I do tend to use FTK 3 for email forensic work and I think that is one of the reasons why FTK 3 is a good value.  You get the general file system forensics along with some decent secondary tools like Registry Viewer and PRTK.  You also get a nice email forensic tool built into FTK 3.  I’ve just never been that enamored with EnCase as an email forensic program largely because I don’t think the GUI works as well for email forensics compared to FTK and because I hate having to reload the email each time I reopen a case in EnCase.  EnCase just scales poorly when it comes to email, but I know Guidance is working hard to catch up based on what I learned from them at CEIC.

So the bottom line is that as I have gained more experience, I’ve relied less on my primary GUI tools and more on a whole host of other specialized tools along with the manual parsing of artifacts.  Since EnCase does a good job parsing file system data and can easily be used as a springboard for the use of other tools, I keep using it especially since it just feels very natural for me when it comes to hex level forensic work.


  1. While preparing for and giving a recent seminar on forensic analysis to locate bots, it occurred to me that I use a number of small tools, all of them each with their own specific purpose. While it is possible to pull a lot of them into a framework similar to log2timeline, I would still want to have them separate, as their functionality is simply too valuable. For example, evtrpt.pl allows me to see a report of the frequency of event sources and IDs, and provides me with a date range of all of the events in the .evt file.
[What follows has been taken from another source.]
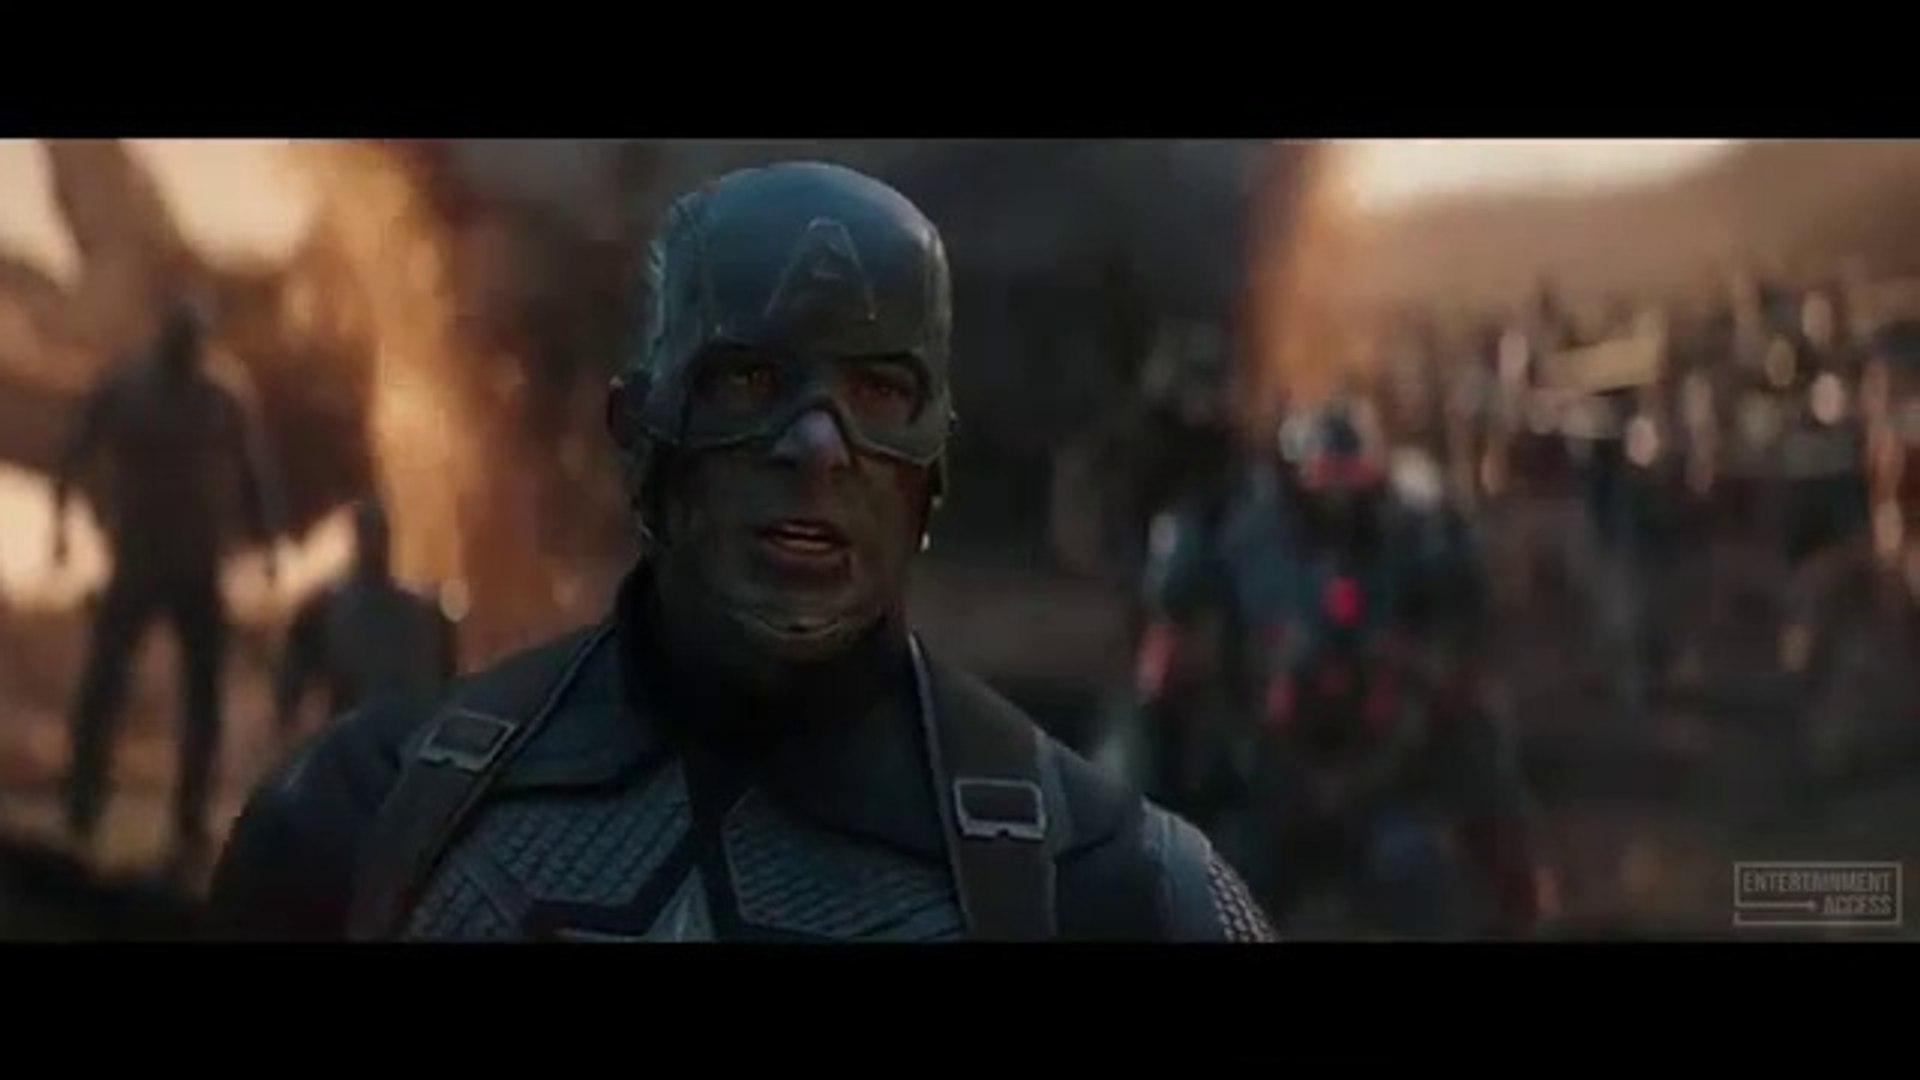 Avengers Assemble in Final Fight Scene - AVENGERS 4: ENDGAME (2019) Movie  Clip - video Dailymotion

Evtparse.pl allows me to parse the .evt file on a binary level, bypassing the API (don't have to deal with "corrupt" messages), as well as output a list of event record numbers and their associated times (to detect modification of the system time). There have been a number of times where creating a micro- or nano-timeline has been a very valuable analysis technique, and allowed me to directly answer customer questions.
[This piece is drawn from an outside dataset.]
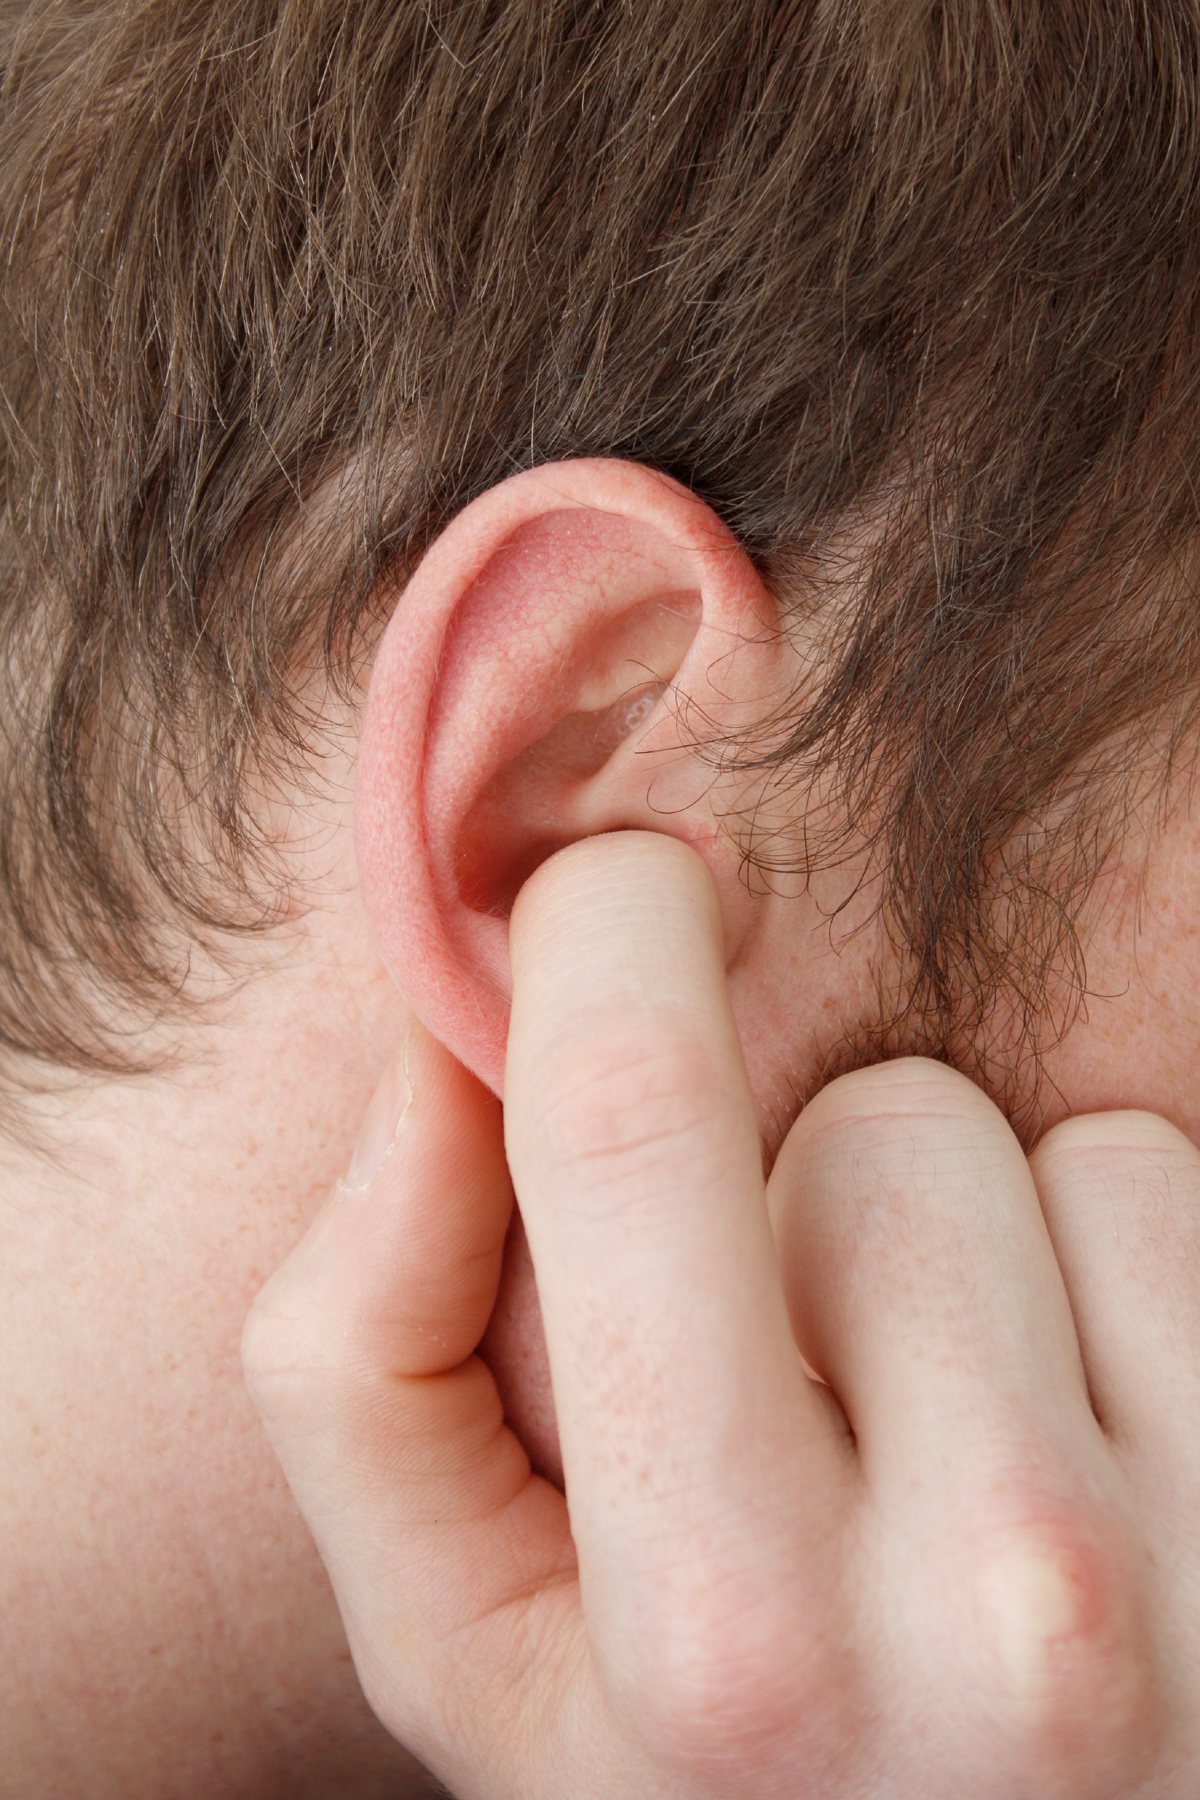 研究顯示，噪音給人耳朵的傷害可能比想像中大。

  2. I must say that I still Use EnCase (6+) as my Primary Tool or Platform to start my Investigation. From there I will direct Email, Registry Files,Inet History or other misc data to an appropriate Viewer (aka Netanlysis, AD Registry viewer, VLC media player etc.). I am still not pleased with the Stability and Overhead that FTK 3+ uses/requires.
    When needed (email investigation) for example, I will break out FTK 1.81 and work it with that... Simple and Stable.
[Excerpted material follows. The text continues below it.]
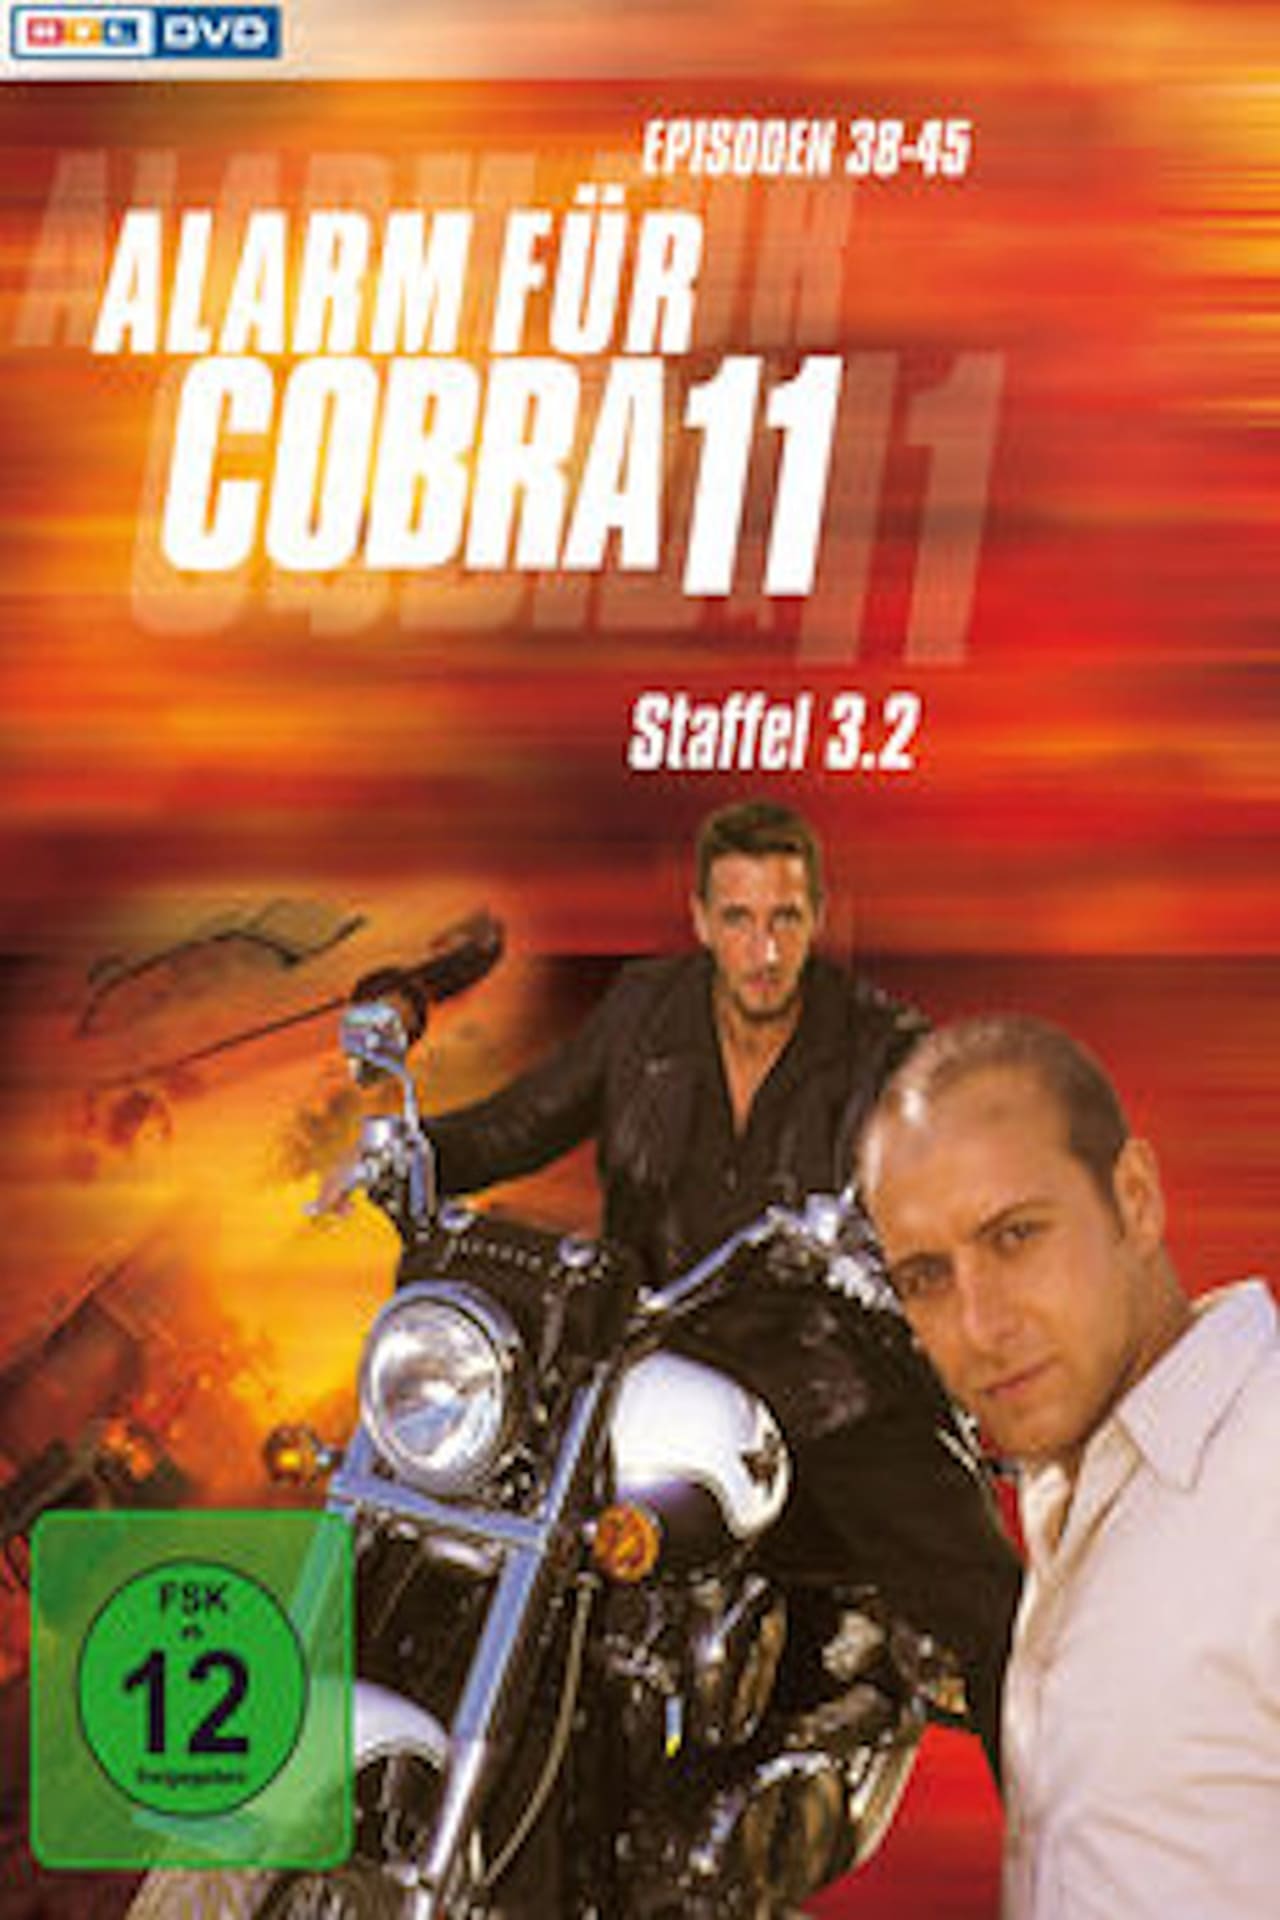 Alarm For Cobra 11: The Motorway Police (1999)

    Will FTK do everything I need..Probably.. but old habit's die hard.. (And EnCase Scripting still Rocks!)

  3. We had been using FTK heavily, but relegated it to using it for email only. However, the fact that FTK version 1 & 2 cannot export emails in native format is a severely limiting factor. We recently picked up a copy of Intella at CEIC and are trying to get used to it. Certainly, it has a lot more features and capabilities than FTK. The graphical display is a nice touch, but takes some getting used to. The most limiting feature of Intella, however, its case manager which makes it very cumbersome to move cases around once you process them and create the index on one examination PC. If they fix some of it's quirks, Intella could become a stellar program for email examinations.